I expect that making data sources be interpolated into count would come after the introduction of the feature described in #4149, since that should enable the refactoring required to make this work. At present Terraform handles counts too "early" for the data sources to have had a chance to run, so some restructuring is required to make both this and the "partial apply" case of dynamic counts work as desired here.

I totally agree that this should work and have made some early steps on prototyping partial apply (in #8521) to start down the road to this being possible.

@apparentlymart #4149 is almost one year in the making, and it seems that a lot of users are blocked by this issue (me included). Wouldn't it be easier at this point to treat data sources differently (specially remote_state ones) and try to perform the resolution phases before the plan and apply phase instead of trying to try to solve the more ambitious chicken and egg problem ?

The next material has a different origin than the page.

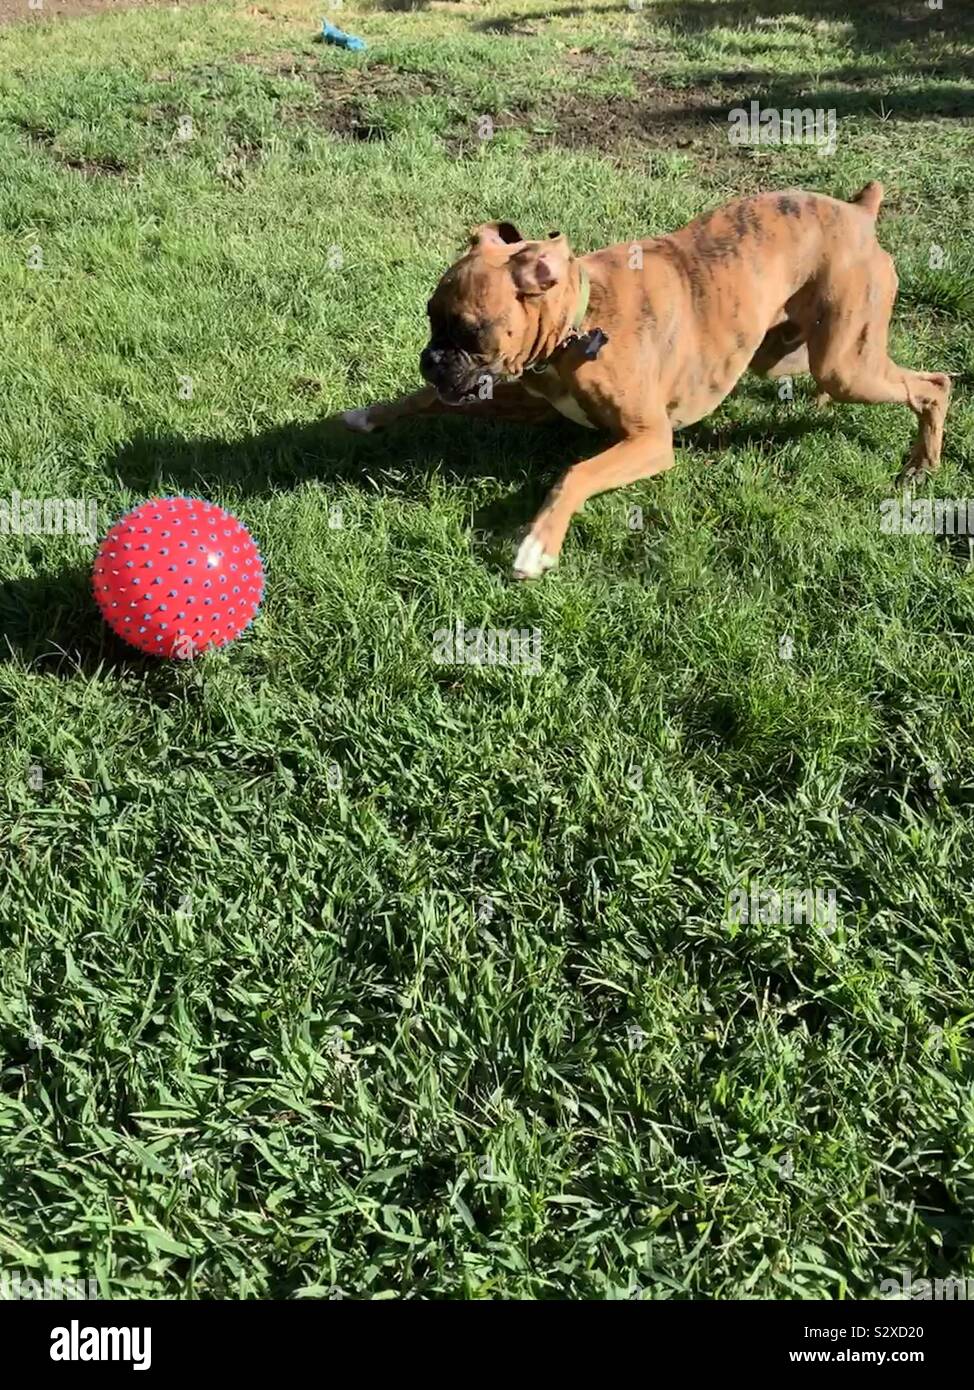 Notre chien boxer bringé jouer au ballon dans la cour Banque D'Images
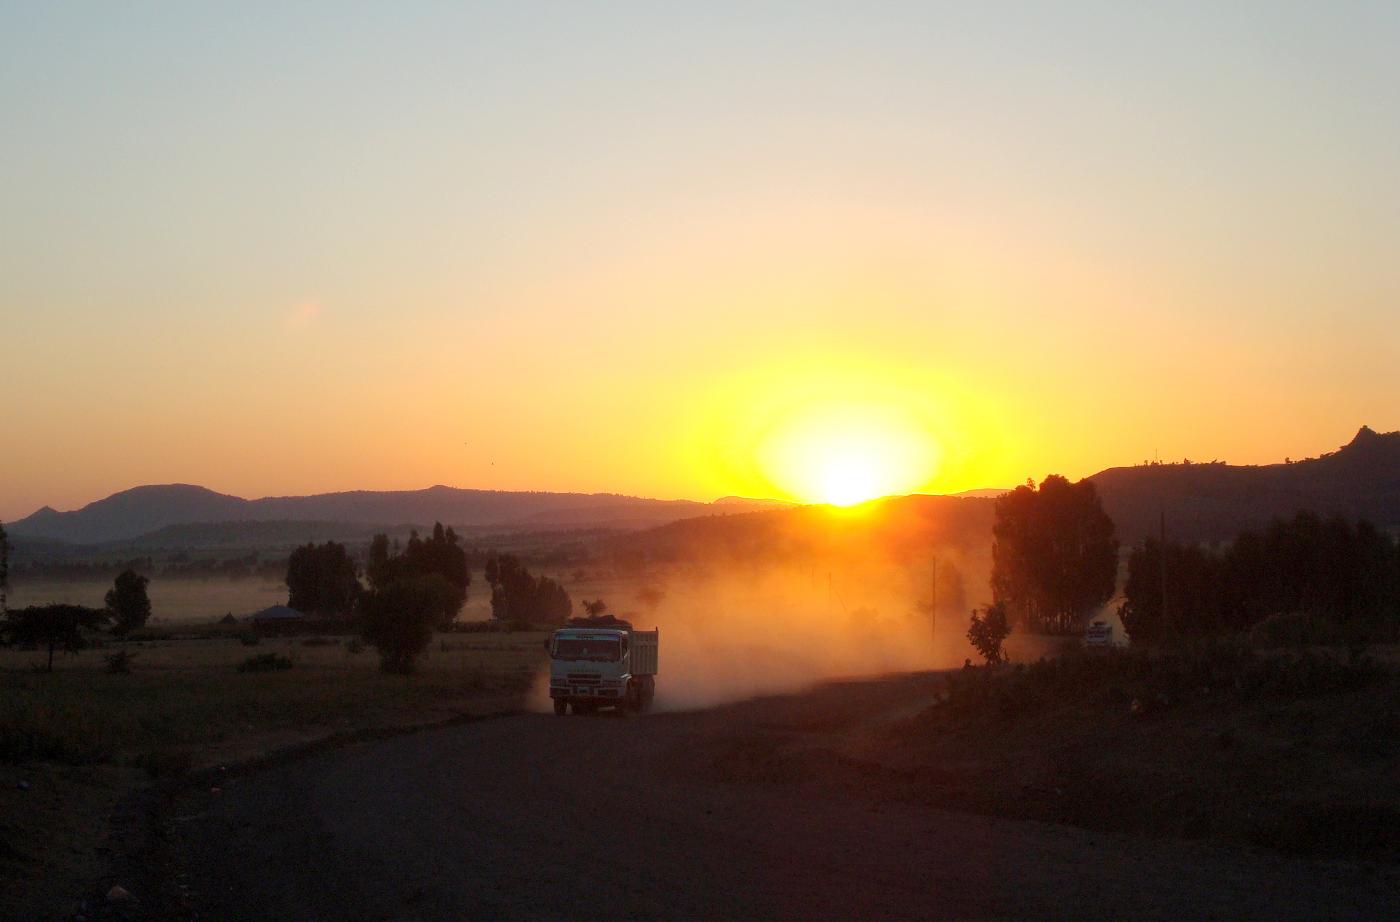 DSC031730.jpg - Un camion soulve un nuage de poussire au soleil couchant, sur la route dAxoum

I run into this limitation again today in a different scenario:

I usually create VPC in an dedicated terraform stack and use remote states to retrieve the resources created in the VPC:

data "terraform_remote_state" "vpc" {
  backend = "s3"
  config {
    bucket = "${var.state_bucket}"
    key    = "${var.vpc_state_key}"
    region = "${var.region}"
  }
}

Sometimes I would like to use information from this state file as a count parameter. For instance:

resource "aws_efs_mount_target" "efsmp" {
  count = "${length(data.terraform_remote_state.vpc.private_subnets})"
  file_system_id = "${aws_efs_file_system.efs.id}"
  subnet_id = "${var.subnets[count.index]}"
}

If I'm correct this was possible before terraform 0.7 and the transformation of the remote state to a data source

It is not a very big deal but it would be really helpful if this was solved

I think this is related, if not a duplicate of https://github.com/hashicorp/terraform/issues/1497.

yep, it's the same issue

Closing as a fundamental duplicate of #1497.

I'm going to lock this issue because it has been closed for _30 days_ ⏳. This helps our maintainers find and focus on the active issues.

If you have found a problem that seems similar to this, please open a new issue and complete the issue template so we can capture all the details necessary to investigate further.